С. Жижек, Ф. Руда, А. Хамза. Читать Маркса

Москва/Франкфурт/Нью-Йорк: линии дивергенции в биполярном мире

Хотя Институт социальных исследований во Франкфурте-на-Майне создавался как территория академической свободы и независимых критических исследований, — обеспечить которые должны были частные спонсорские средства созданного зерновым магнатом Г. Вайлем фонда целевого финансирования Института, — в годы вынужденной эмиграции и особенно в её американский период представителям Франкфуртской школы пришлось немало времени уделить работе непосредственно на систему государственной власти и военные ведомства. Эта работа весьма существенно отразилась на Франкфуртской школе в целом и на отношениях её лидеров с СССР и советским марксизмом в частности.

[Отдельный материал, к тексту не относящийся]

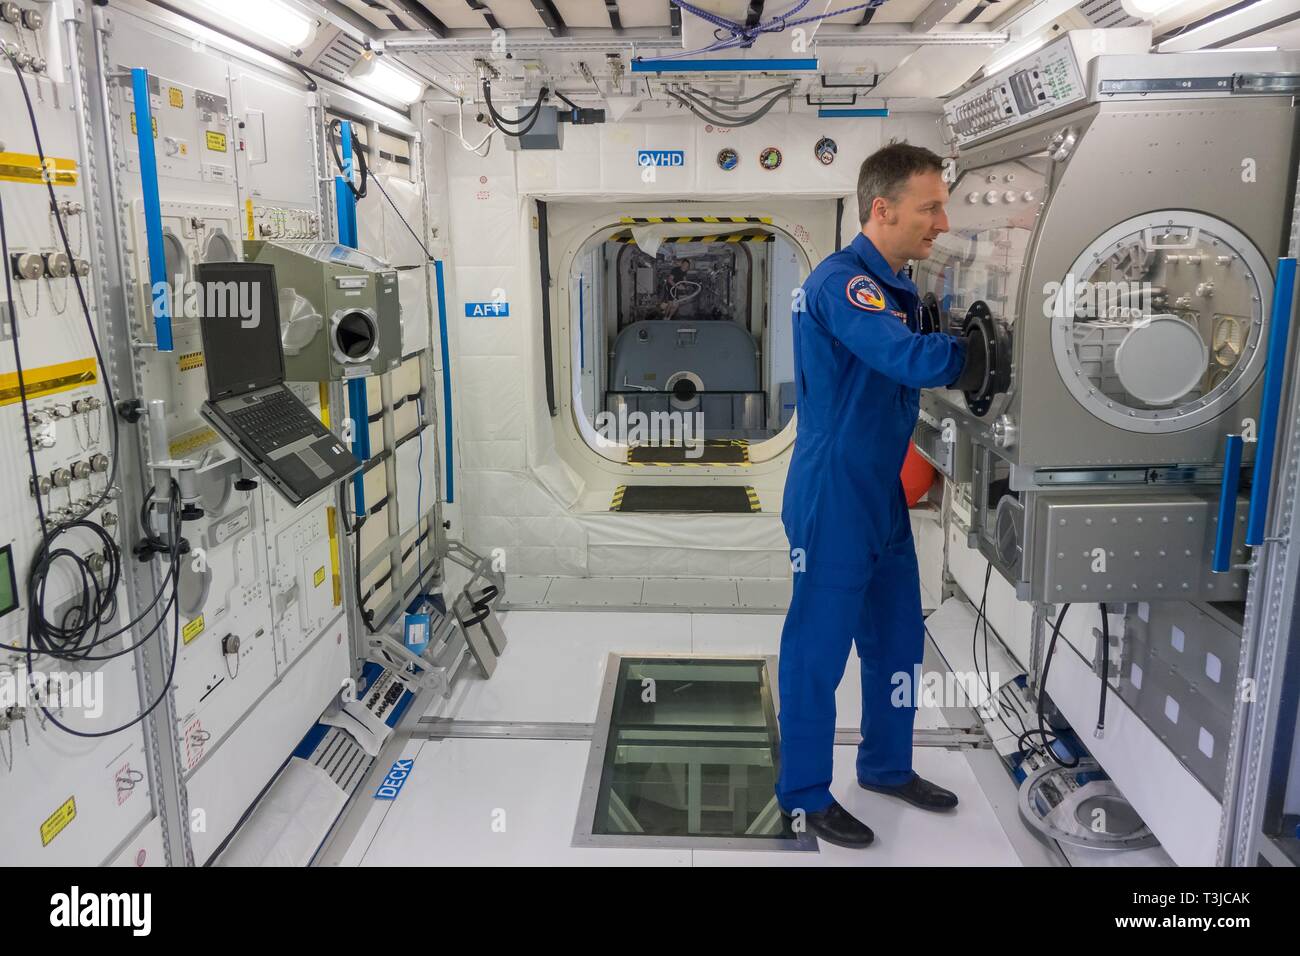 Matthias Maurer, Astronaut, at SpaceShip EAC, Training Center for Astronauts, Cologne, Germany Stock Photo

М. Хоркхаймер и Т. Адорно до своего возвращения в Германию в 1949 г. сотрудничали с Еврейским комитетом — эта организация играла одну из ведущих ролей в формировании послевоенной системы международного права: «Евреи сыграли заметную роль в этих послевоенных дискуссиях и развитии различных правозащитных механизмов. Евреи, часто имеющие европейское происхождение и мотивированные не только Холокостом, но и своей давней приверженностью либерализму, внесли плодотворный вклад в зарождающееся видение космополитического порядка. Рене Кассен, французский еврей с выдающимся юридическим образованием, впоследствии ставший президентом Всемирного Еврейского союза, работал вместе с Элеонорой Рузвельт и ливанцем Чарльзом Маликом над Всеобщей декларацией прав человека [принята ООН в 1948 г.]. Херш Лаутерпахт, немецкий еврейский беженец, преподававший международное право в Колумбийском университете, написал Международный билль о правах человека, который стал центральным текстом в дебатах. Ральф Лемкин, польский еврейский беженец, стоял за Конвенцией о геноциде» [Barnett, 2016. Р. 123]. Именно в период активной разработки будущих ключевых документов системы международного права М. Хоркхаймер и Т. Адорно работали в Колумбийском университете, где создавался билль о правах человека.

Т. Адорно вместе с группой психологов из Калифорнийского университета в Беркли разработал предназначенный для обследования американских граждан тест на склонность

личности к фашизму1. Во введении к исследованию авторы закладывали выдающуюся основу для социальной стигматизации будущих испытуемых, «концентрируясь на потенциальных фашистах»: «В центре интересов исследователей был потенциально фашистский индивид — индивид, чья структура делает его особо восприимчивым к антидемократической пропаганде. ...Нетрудно обнаружить лиц, воззрения которых позволяли предположить, что они охотно приняли бы фашизм, если б ему удалось превратиться в достаточно сильное и уважаемое движение» [Адорно и др., 2001. С. 15]. Отметим, что «потенциальными фашистами» Адорно и коллеги де факто назвали всех «антидемократов», — само собой разумеется, в это множество попадали и воплощающие модель «авторитарной личности» «советские» люди.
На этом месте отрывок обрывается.